In recent years, the evolution in hydrocarbon exploration from two- to three-dimensional seismic methods has resulted in improved resolution and better definition of the subsurface geological structure and prospects. Although the homogeneity of the media and the geometry of the experiment involved in marine unexploded ordnance (UXO) detection is relatively simple compared to the complexity of geologic earth models, the marine environment still comprises some degree of complexity considering the short wavelength of the seismic waves needed to yield sufficient resolution. The rugosity of the sea floor determines the coupling and the coherency of the seismic wavefield as it propagates into and out of the sediments, and therefore, the signal-to-noise ratio of the backscattered energy by the UXO. However, seafloor rugosity can scatter coherent energy into the sediments at angles larger than the critical angle. Biologic activity in the upper parts of the sediments may cause anaerobic conditions producing gas pockets that attenuate the seismic signal and constrain the maximum penetration of the waves. If free gas is present, it may produce attenuation particularly for the shorter wavelengths of the seismic signal. Therefore, research is needed to investigate whether an array of seismic sources and receivers can be used to increase seismic energy levels radiated into the seafloor and how the signal-to-noise ratio of the back-scattered seismic energy can be improved by beam-forming and focusing the energy onto the UXO target.

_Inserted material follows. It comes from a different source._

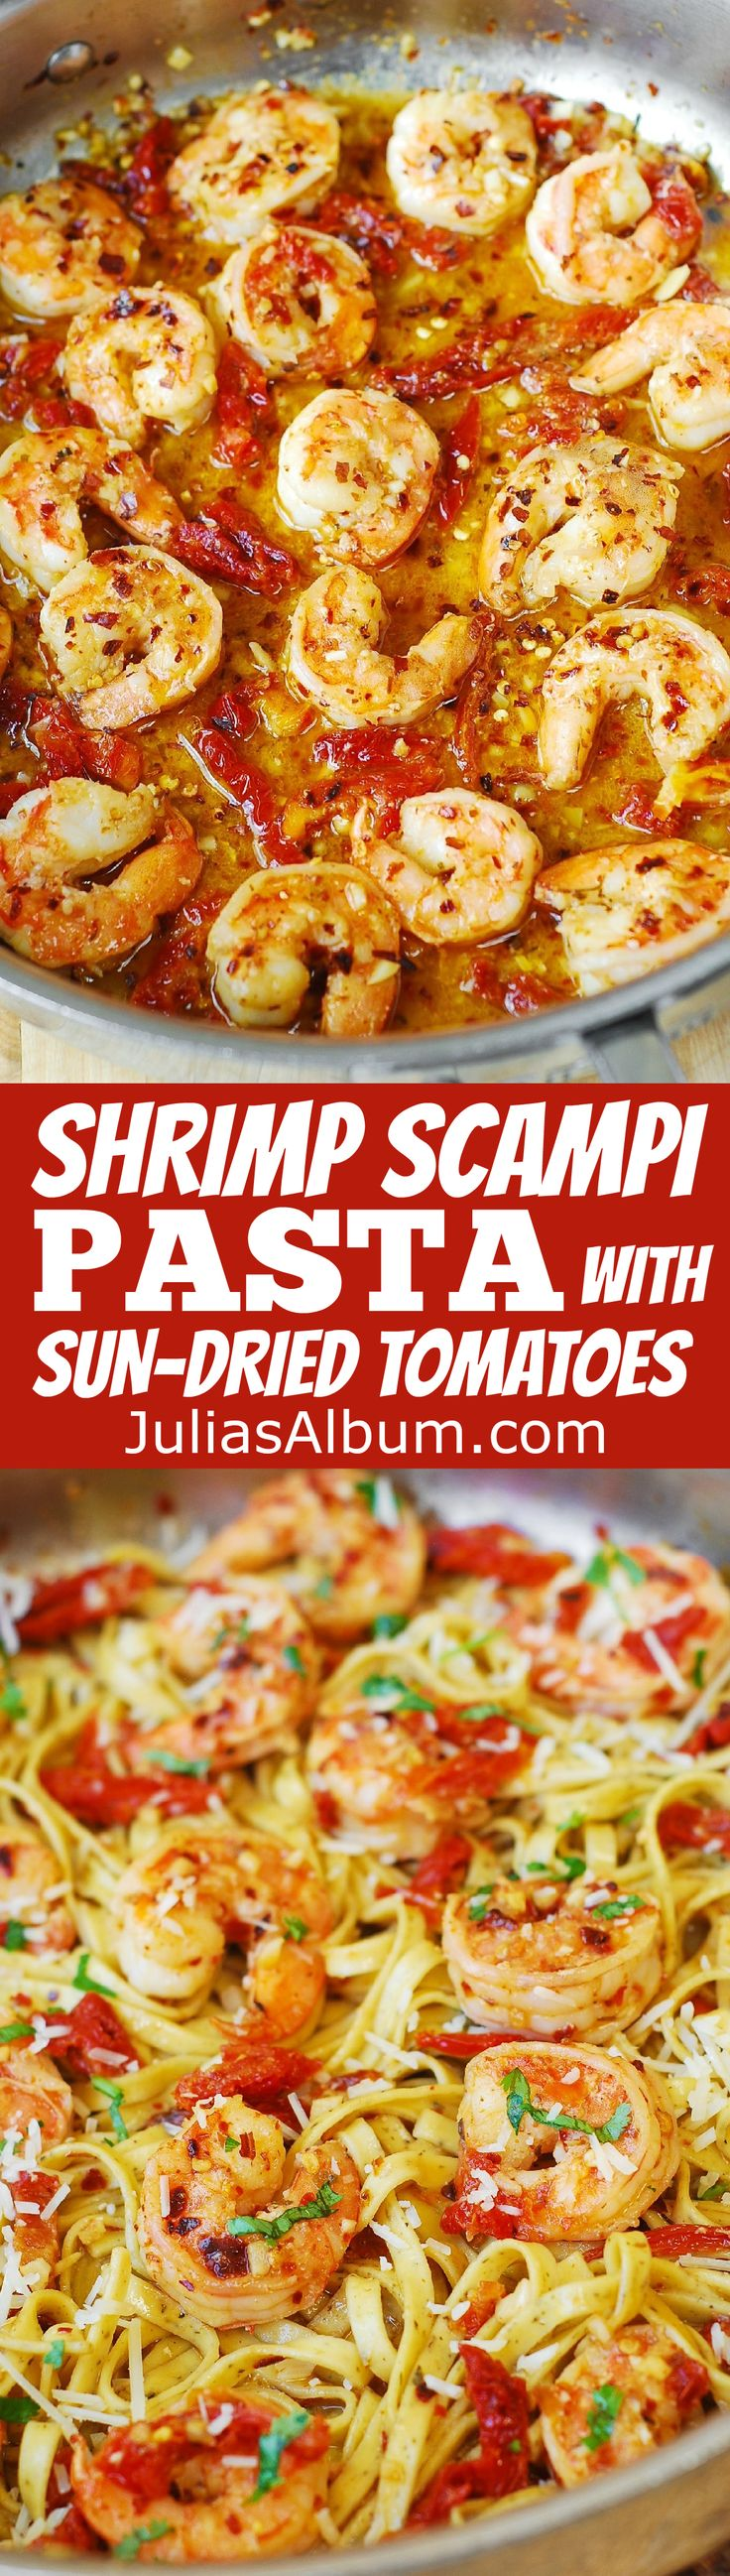 Shrimp Scampi Pasta with Sun-Dried tomatoes #SUMMER #Italian #Mediterranean #recipe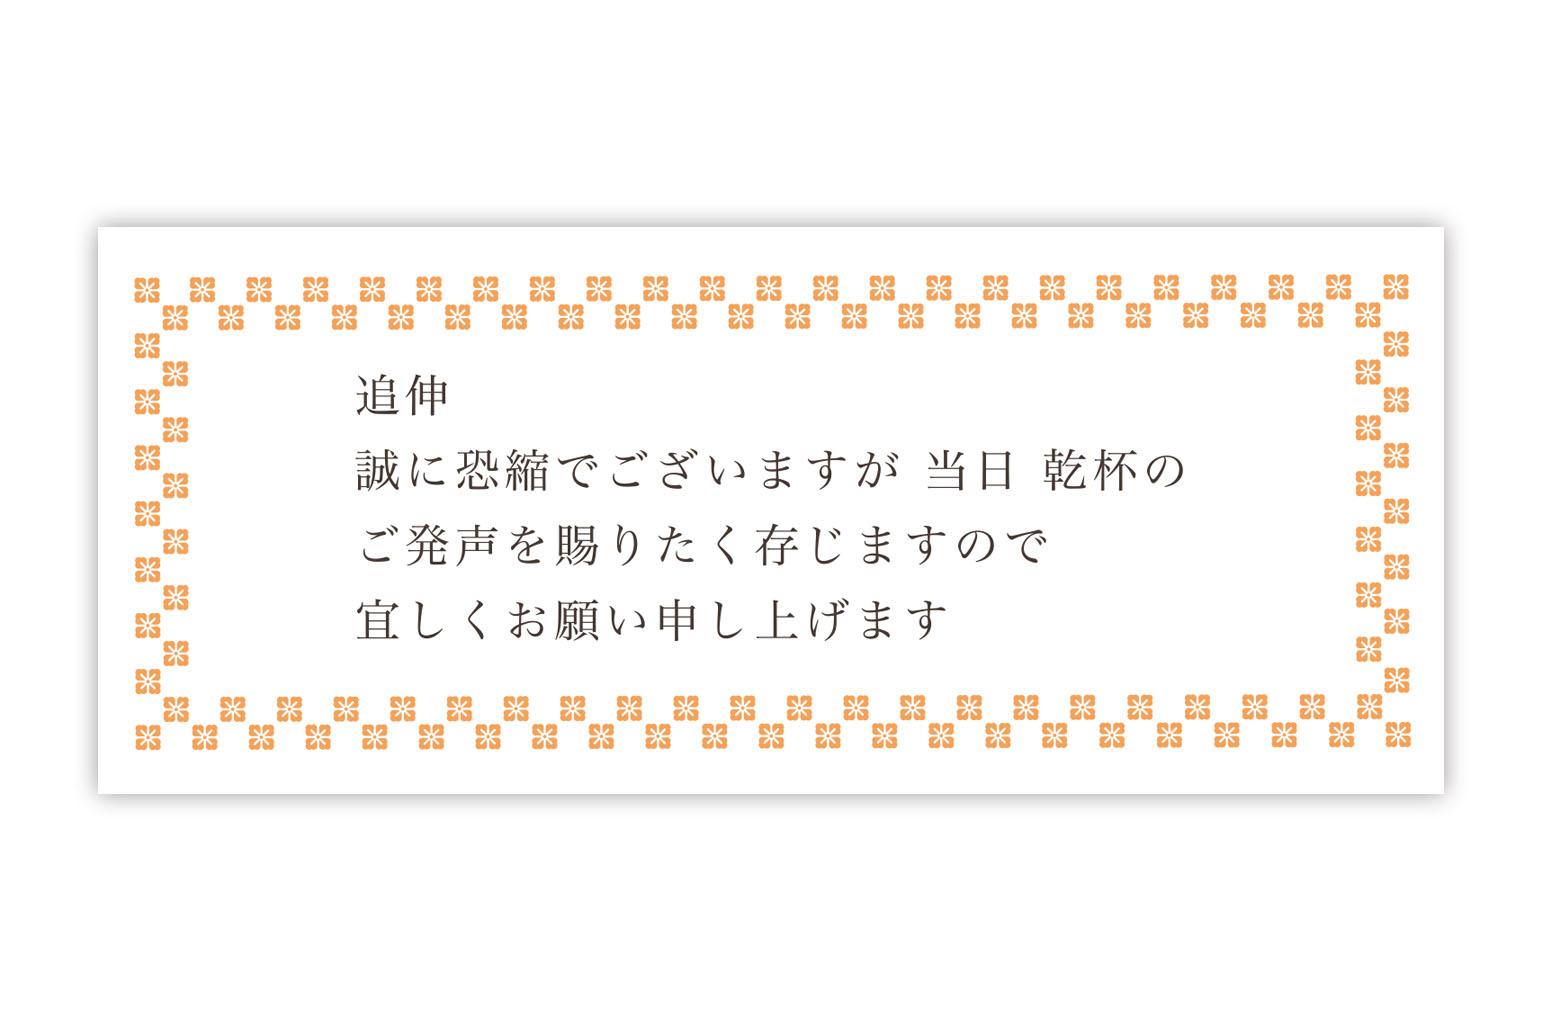 Tagged Messages: MESSAGE TAG Orange乾杯依頼付箋 和(オレンジ)/ウェディングアイテム/付箋・オプション- 結婚式

The objective of this project is to conduct a proof-of-principle numerical modeling study to demonstrate that seismic imaging and scattering techniques can be used to detect and locate buried UXO at underwater sites.

Technical Approach

Seismic scattering approaches can be applied to environments where strong contrasts between a host medium and an embedded anomaly produce reflected fields with strong amplitudes. UXO buried at underwater sites represent a case where the associated impedance contrast is about an order of magnitude larger than that associated with common seismic exploration targets. Two- and three-dimensional numerical finite difference (FD) modeling will be conducted to investigate how source and receiver geometries can be optimized to enhance the interaction of seismic waves with buried UXO. In order to create a realistic numerical model, the required physical parameters will be derived from field measurements at the former Mare Island Naval Shipyard in Vallejo, California.


This technique, if successful, will improve the detection and discrimination of UXO in coastal areas. Using a combination of seismic techniques, the energy focused onto the UXO will be increased and the signal-to-noise ratio of the back-scattered energy will be improved such that deeper targets may be illuminated. Attempts also will be made to increase the resolution of the imaging technique.